Solving the Circle City Con 5.0 regex crossword challenge (Part 1)

Circle City Con runs a CTF. This year, I was the first solve of the Regex Crossword.

Post challenge, I was encouraged to describe how I solved it.

But first, the challenge.

If you’ve never seen one before, this is an entirely opaque problem. It is a regex crossword. Many examples of this exist at https://regexcrossword.com. Of the categories listed on the site, this would be a double cross problem.

Solving a regex crossword is usually best done by working from the outsides in. The matches for a given space are going to be most constrained by the character classes and grouping near the outside of each regex. When hunting matches, it’s best to start with positive character classes.

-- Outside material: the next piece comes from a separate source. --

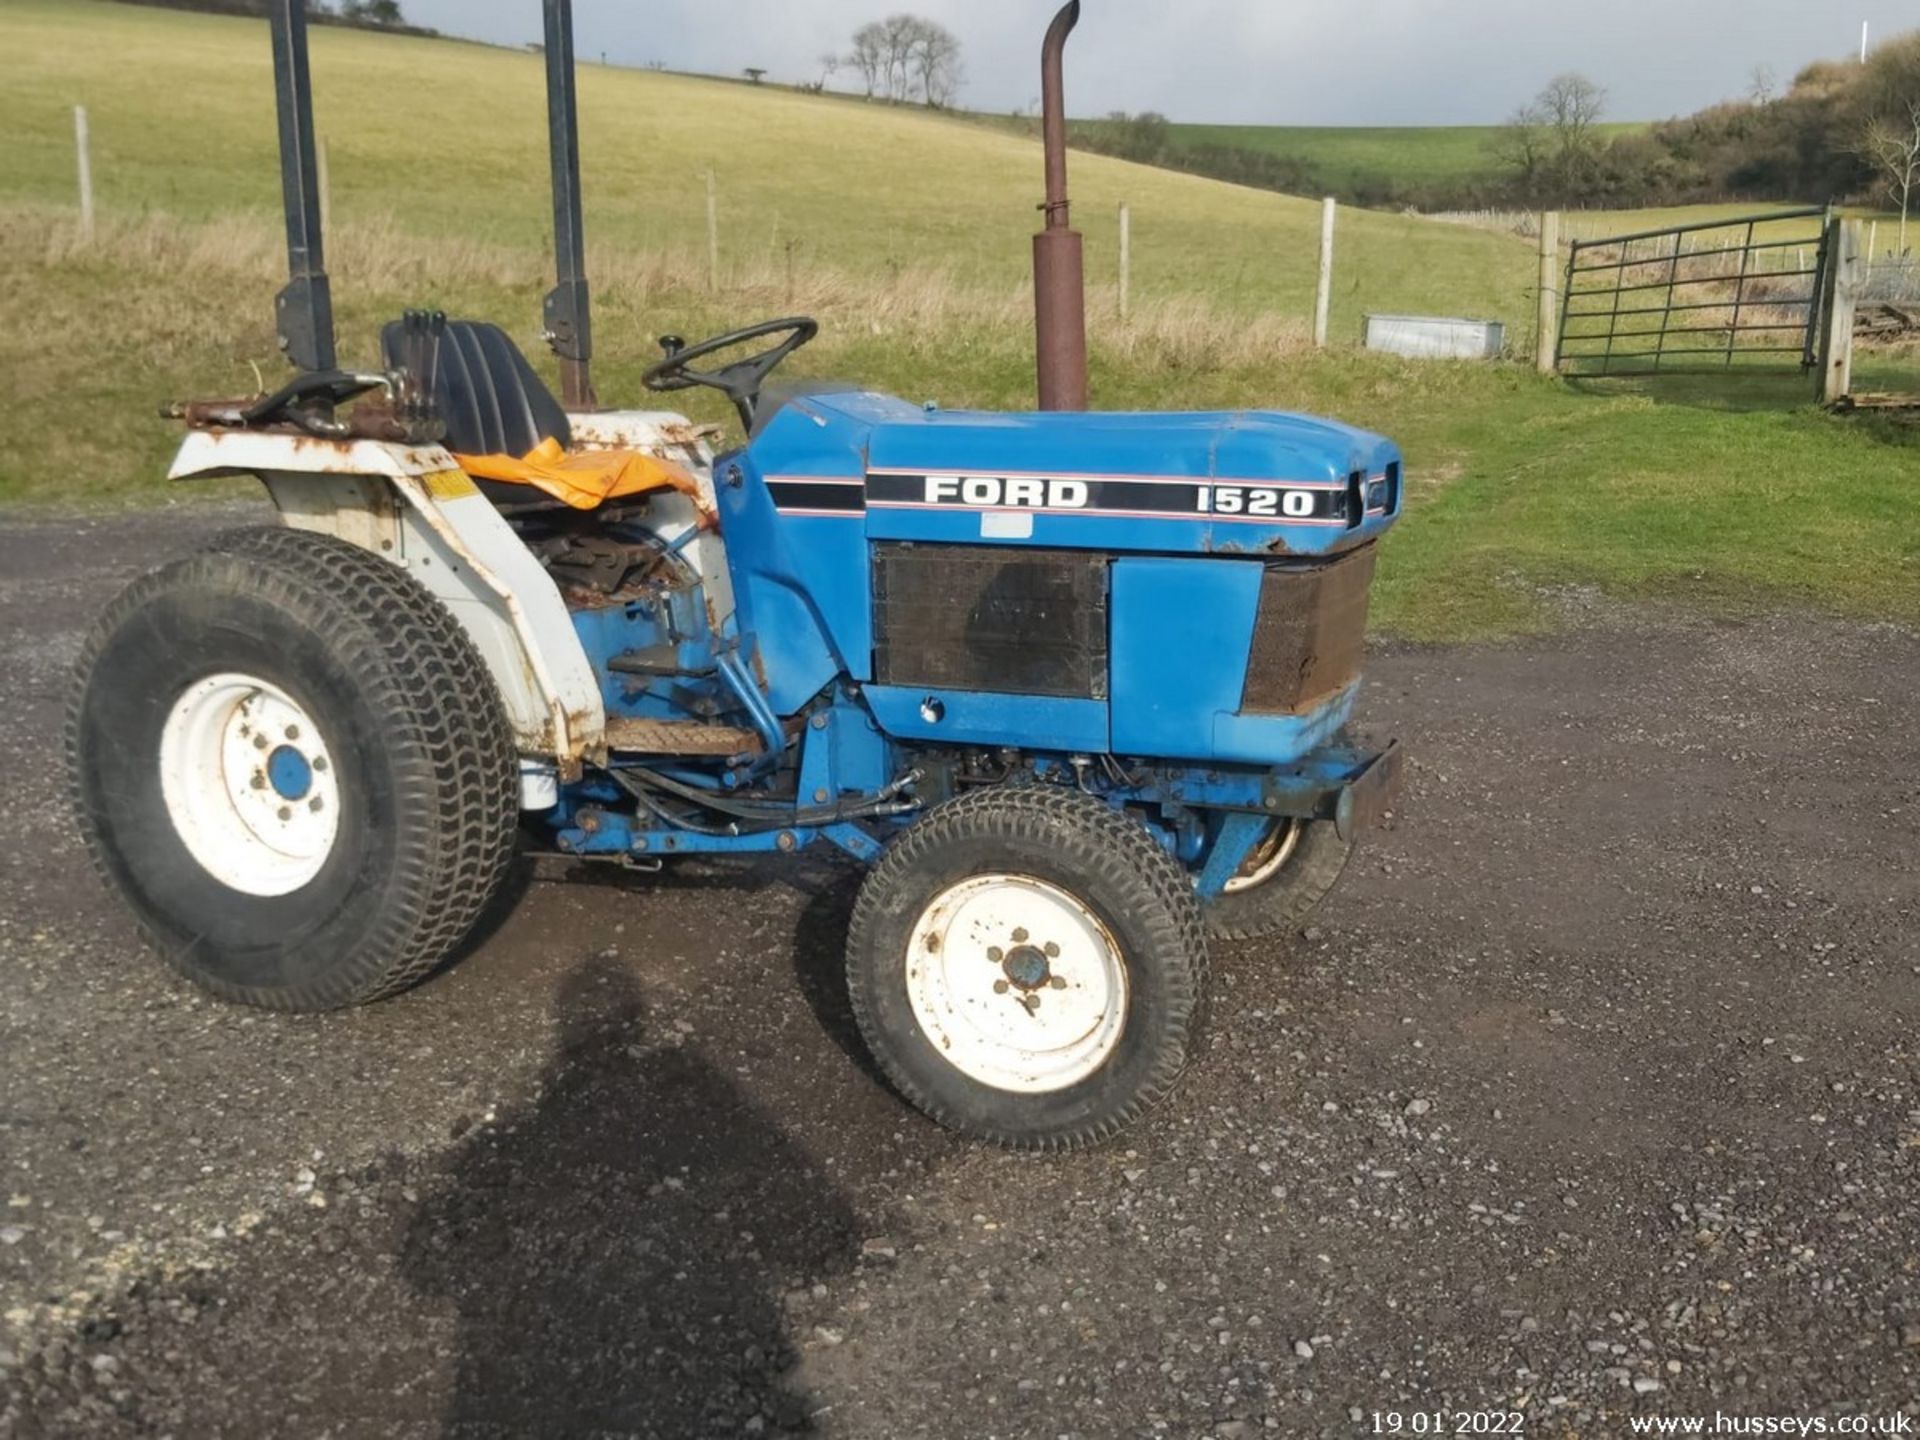 FORD 1520 COMPACT TRACTOR - Image 2 of 5

The top line, right regex,

(.CTF|C.TF|CT.F|CTF.).?[^flag]?(\(|\[|\{)[AEIOUY]

had a very strong match sequence, showing me that in the first line I would be finding the characters ‘C’, ‘T’, and ‘F’ in that order.  Further more, there would be one of the set ([{ followed by one of the set AEIOUY.  The CTF sequence would have to come before it, and there would be one other character inside that sequence.

A reminder, ? means zero or 1 of the preceding sequence.  This means the sequence .? is anything maybe.

A less commonly known operation is character set inversion.  The match [^flag] means anything that’s not the characters in the set flag.  The following ? means zero or one copies of it.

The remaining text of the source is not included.